Section 3 summarizes the visceral-fat-reducing and serum-cholesterol-lowering effects of EWP. The effects of lactoferrin in milk and β-conglycinin in soybean on visceral fat reduction have been reported [37,38]. Lactoferrin is effective at a dose of 300 mg/day, but it is degraded by gastric acid; thus, it seems to be necessary to take a contrivance to prevent its degradation. Previous reports have also demonstrated the efficacy of lactoferrin in enteric-coated capsules [38]. Soybean β-conglycinin has been shown to reduce visceral fat at a daily dose of 5 g [37]. This amount corresponds to a required daily intake of as much as 25 g of soy protein. EWP reduced visceral fat levels at a dose of 8 g/day [41], suggesting that it could reduce visceral fat levels more efficiently than soy. However, ingenuity may be necessary for its social implementation, since the effect was only evident in unheated egg whites or LE [21]. Additionally, since the visceral-fat-lowering effect of the EWP is based on the inhibition of lipid absorption, it seems likely to lower the visceral fat level more efficiently when consumed in combination with medium-chain fatty acids, catechin, or rose hip tiliroside, which enhance the fatty acid β-oxidation [96,97,98].

Cholesterol-lowering effects have not been reported in milk proteins. The cholesterol-lowering effective dose of soy protein was reported to be 6–10 g/day [99,100], which appeared to be nearly equivalent to that of EWP. Although the impacts of different heating conditions on the cholesterol-lowering effects of EWP have not been investigated, studies in hamsters have reported that heated EWP does not lower serum cholesterol levels [55]. Since the primary mechanism of the visceral-fat-reducing and cholesterol-lowering effects is due to the inhibition of lipid absorption, it was considered that the visceral-fat-reducing and cholesterol-lowering effects of EWP may be present only in unheated egg whites or LE.
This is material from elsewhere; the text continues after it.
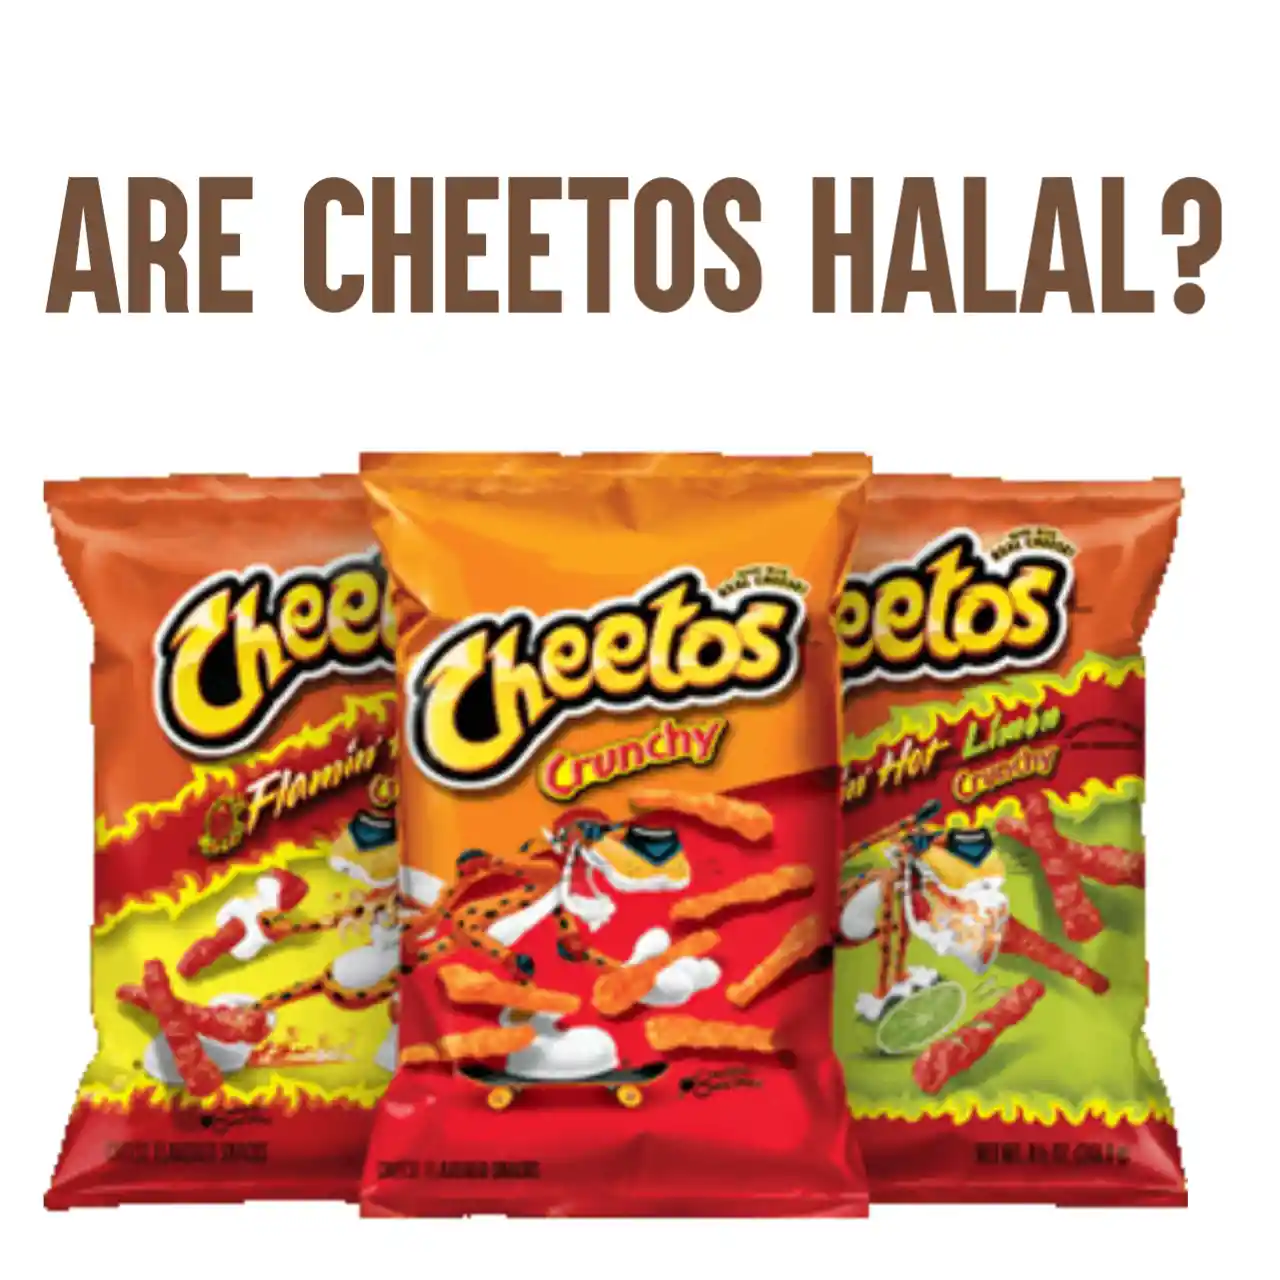 Are cheetos halal

The previously reported effects of increasing muscle mass and strength, reducing visceral fat, and lowering cholesterol levels appeared to be equal to or more effective than those of soy and milk proteins, which have been extensively studied. However, both the visceral-fat- and cholesterol-lowering effects of soy and milk proteins have been specifically attributed to specific ingredients that exert effects in smaller quantities than egg white proteins. It is, however, likely that egg white protein at least has these three primary characteristics that seem to boost its nutritional value.

Section 4 mainly summarizes the antifatigue effects of EWH [71]. The effect was attributed to its antioxidant capacity and branched-chain amino acid content. Since the effect was less than that of imidazole dipeptide [65], it is necessary to identify the potent peptide contents of the EWH. However, considering its amino acid score of 100 [22], the effects, such as muscle hypertrophy, seemed to be expected as a good protein source unlike the dipeptide. Finally, Section 6 also describes new functional studies on the plausible multiple effects of EWH. Regardless, further research based on human studies is warranted.

As described in Section 5, ESM-H, which is reportedly absorbed into the body in the first stage [76], also reportedly has moisturizing effects on the skin and helps relieve knee joint pain [10,11]. Although the information on the health benefits of yolk hydrolysate is limited at present [89], future studies focusing on the entire egg protein rather than just the EWP are warranted.

8. Conclusions

This review summarizes the health effects of egg proteins, especially EWP, as reported in human studies. Two major functions have been clearly identified: (1) they improve muscle mass and have muscle-strengthening and antifatigue effects when consumed during exercise; (2) they can improve lipid metabolism by reducing visceral fat and lowering serum cholesterol levels. The intake of egg protein may, thus, contribute to the prevention of physical frailty and metabolic syndrome.